Pictures in the listing below are skipped, while the lines from the "Viennese Dream Market" line through the "Uhrenmuseum CC BY-SA)" line are returned word for word.

RECORDS FOR THE EXERCISE:
------------------------------------------------------------------------
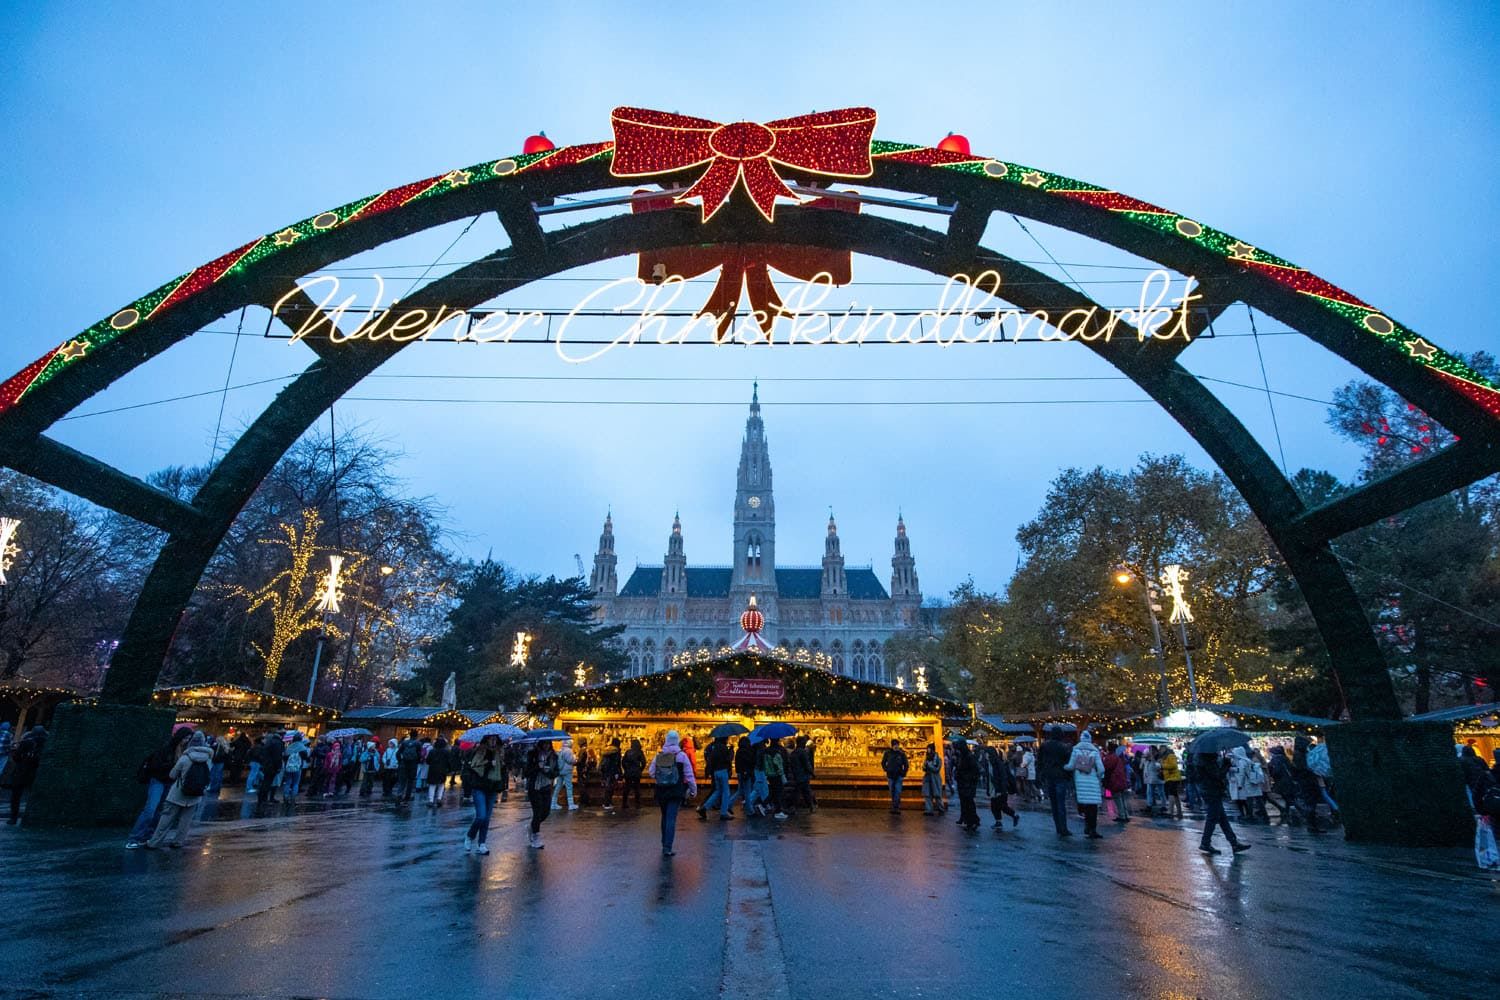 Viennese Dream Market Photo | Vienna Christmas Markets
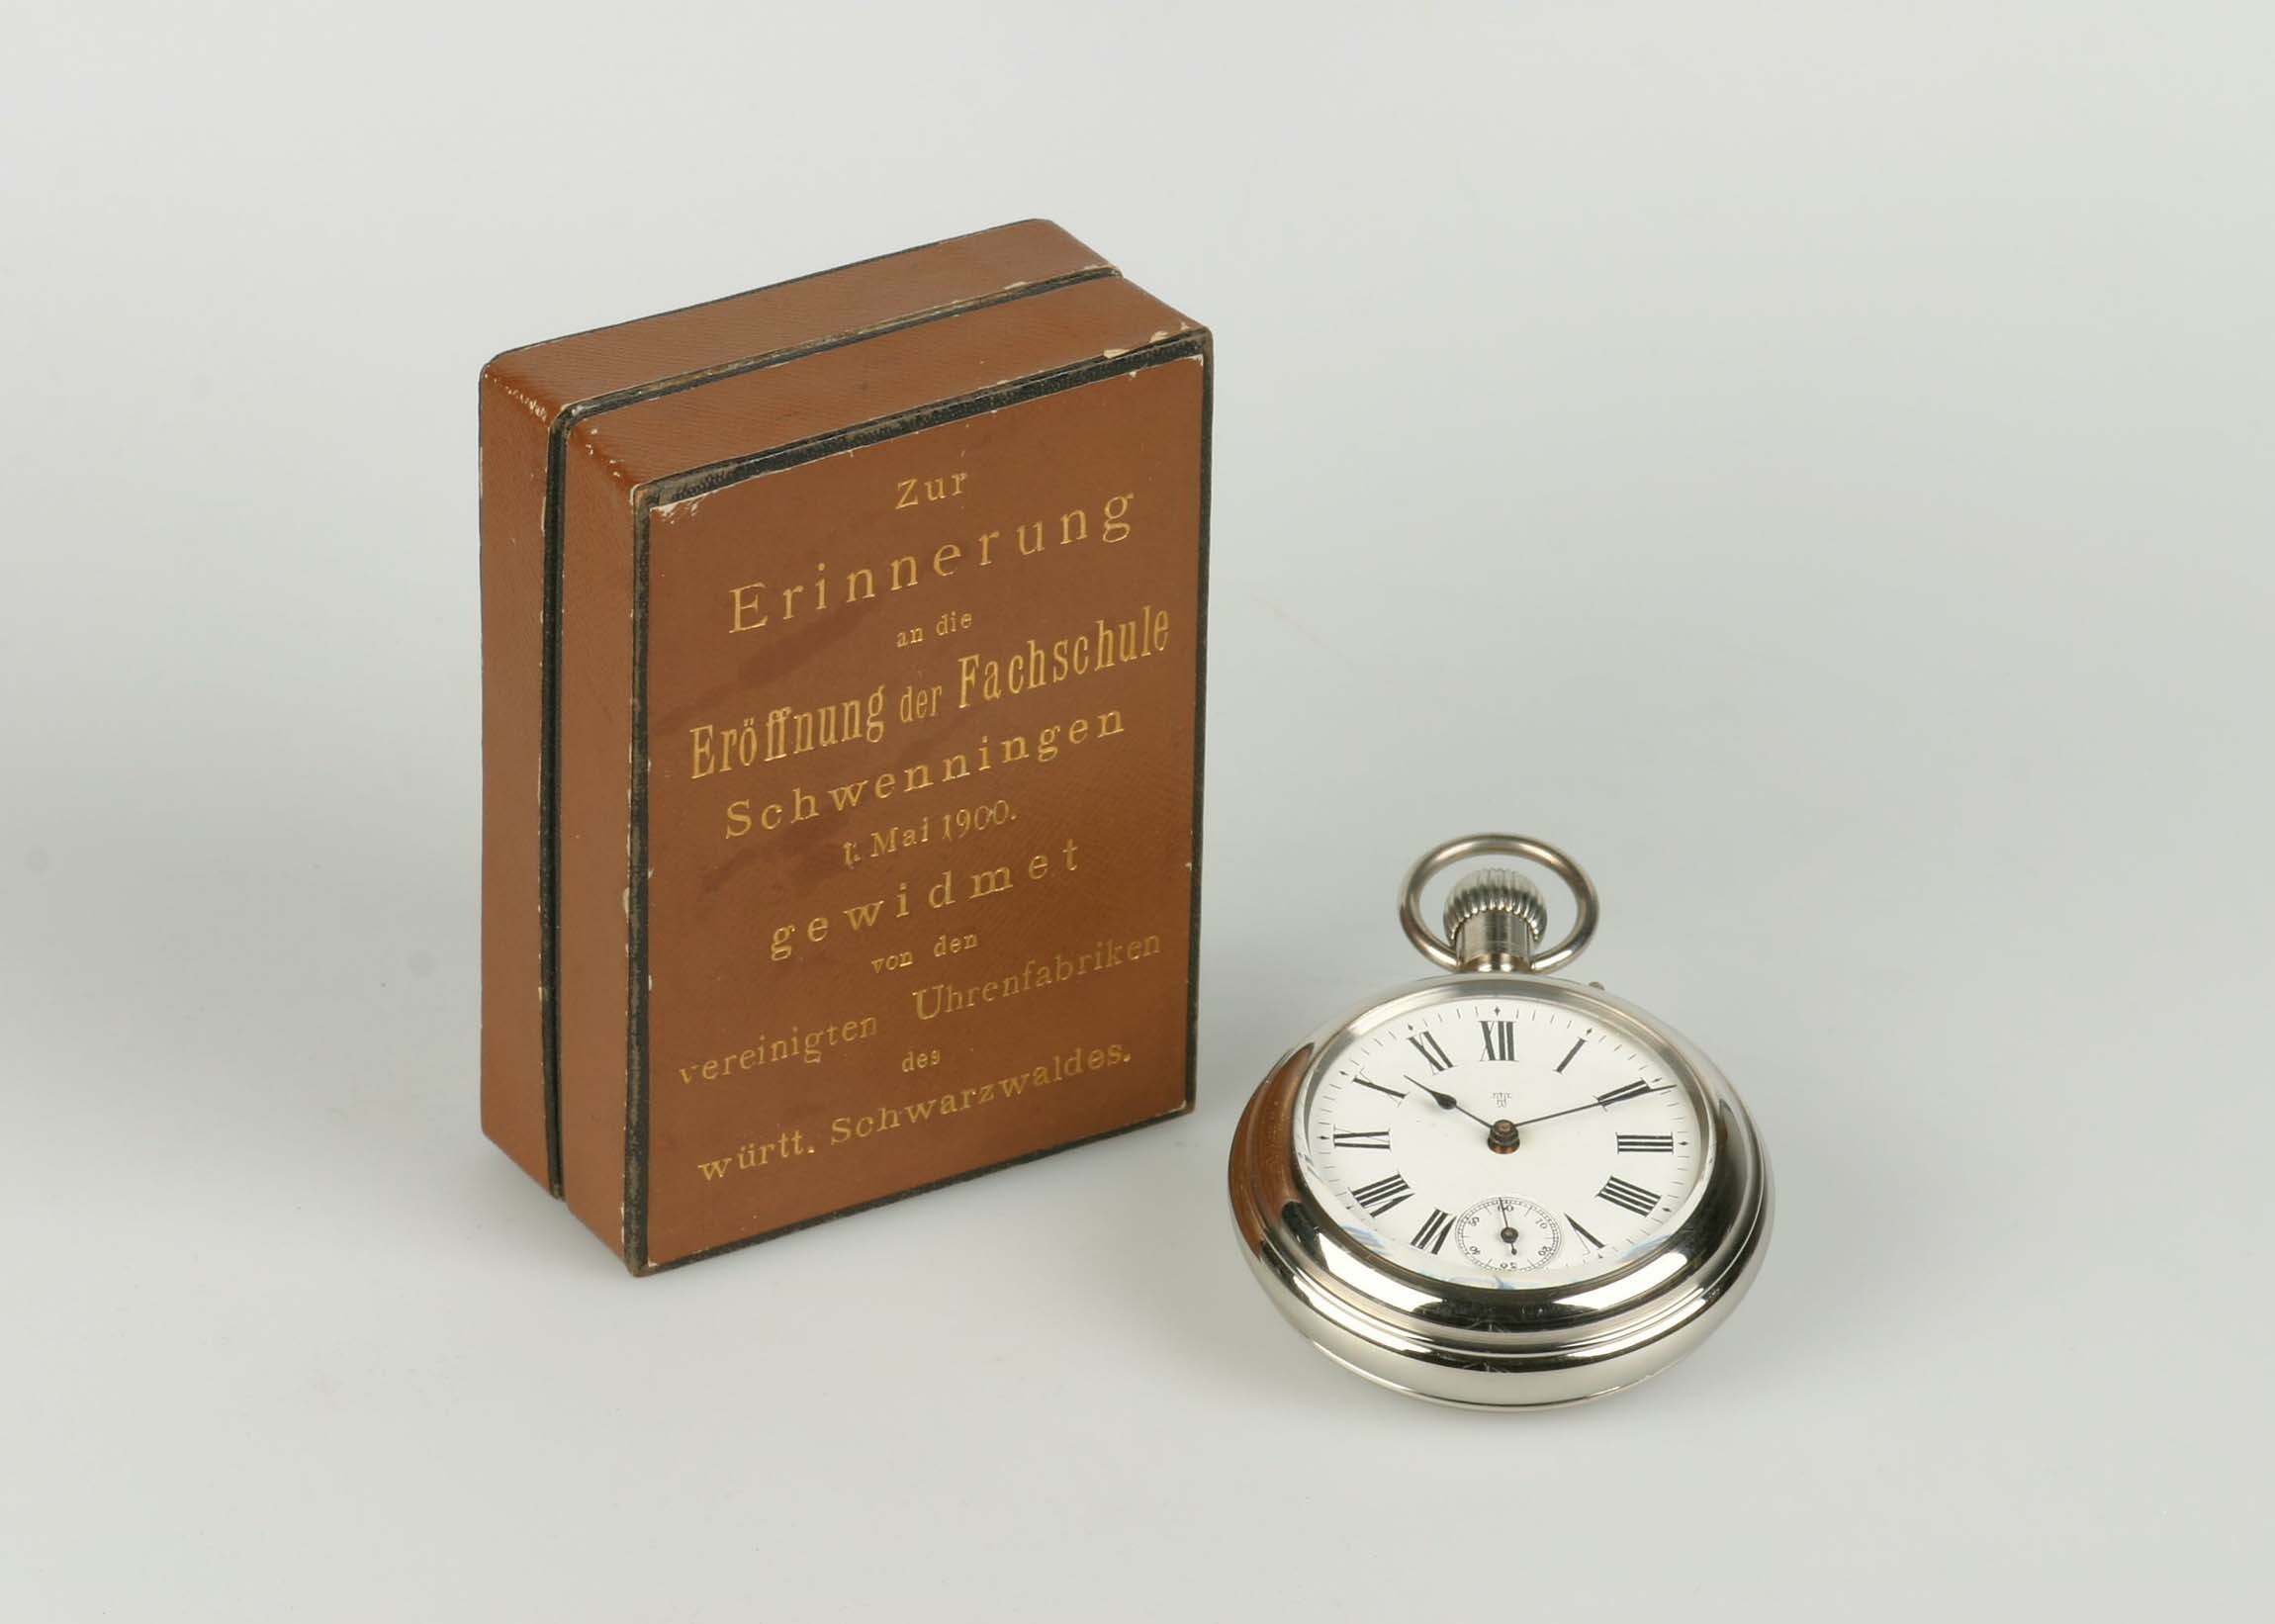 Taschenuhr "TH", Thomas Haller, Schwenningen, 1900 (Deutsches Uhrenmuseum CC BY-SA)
------------------------------------------------------------------------
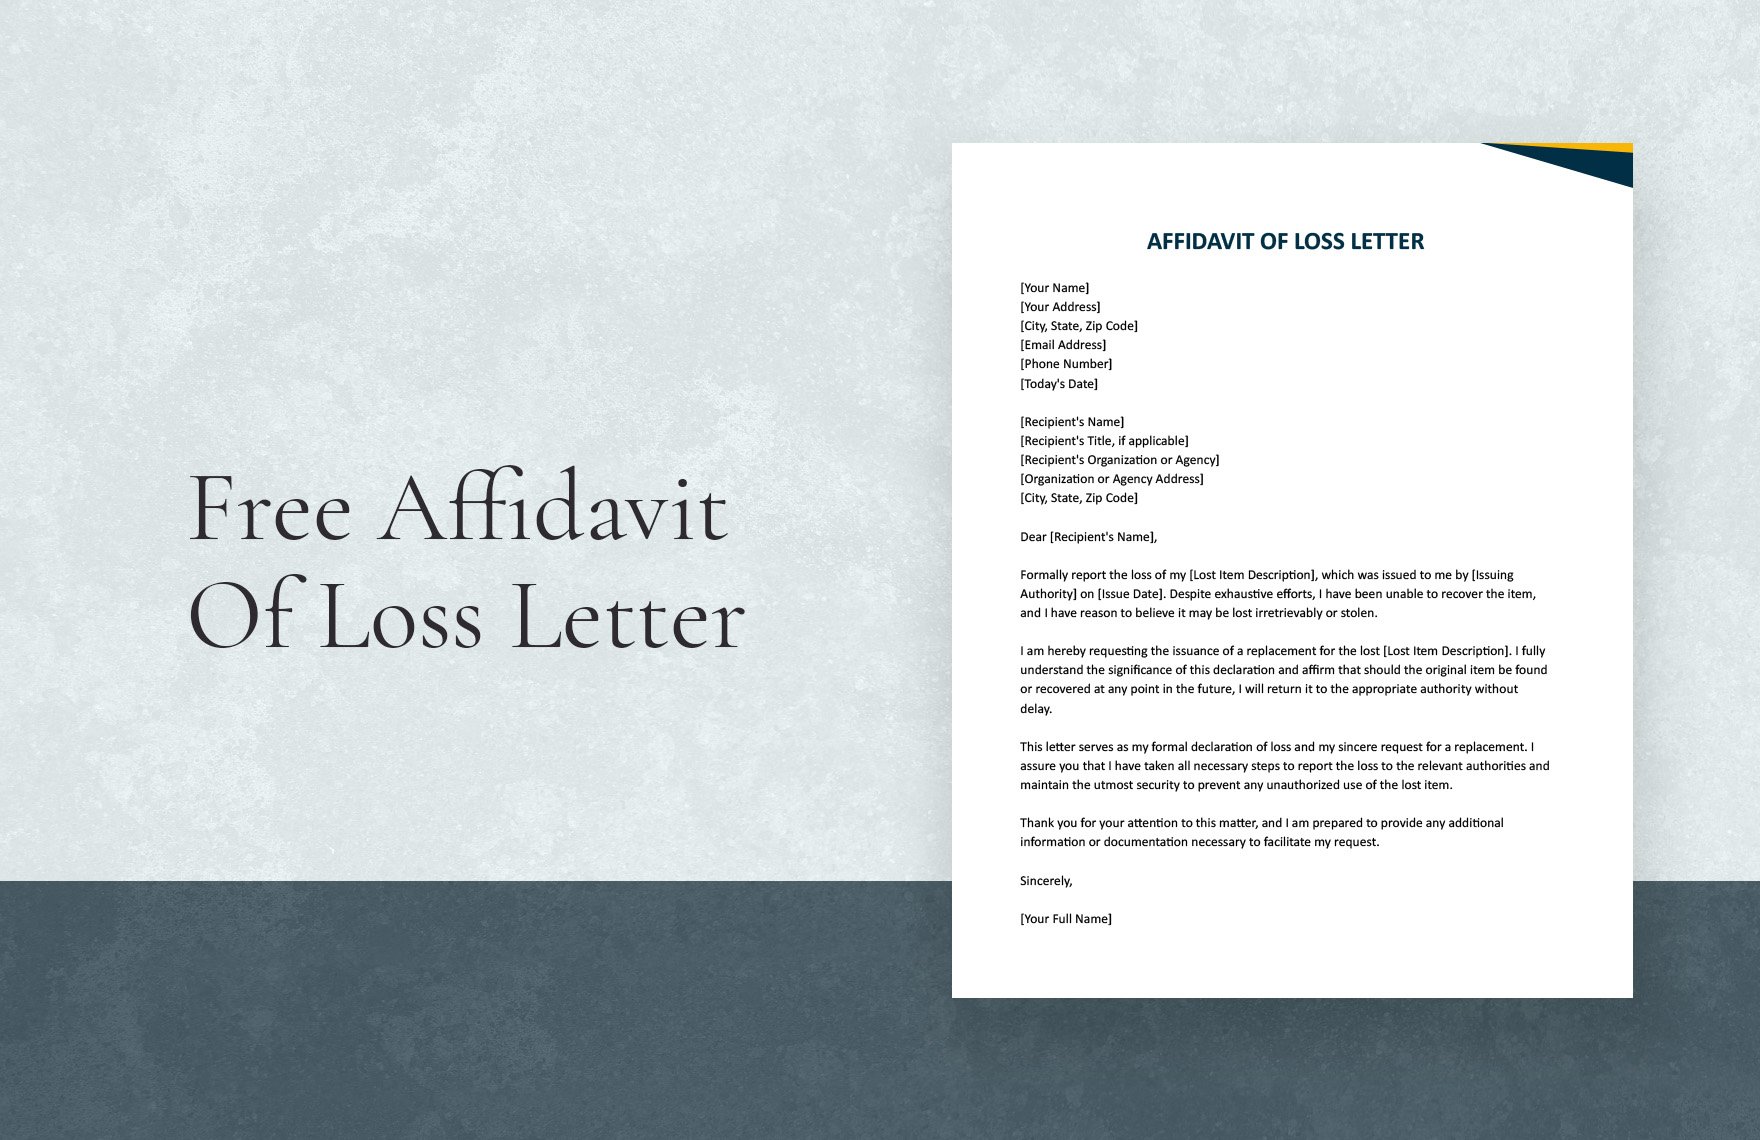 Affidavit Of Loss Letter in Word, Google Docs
------------------------------------------------------------------------
EXERCISE RESULT:
 Viennese Dream Market Photo | Vienna Christmas Markets
 Taschenuhr "TH", Thomas Haller, Schwenningen, 1900 (Deutsches Uhrenmuseum CC BY-SA)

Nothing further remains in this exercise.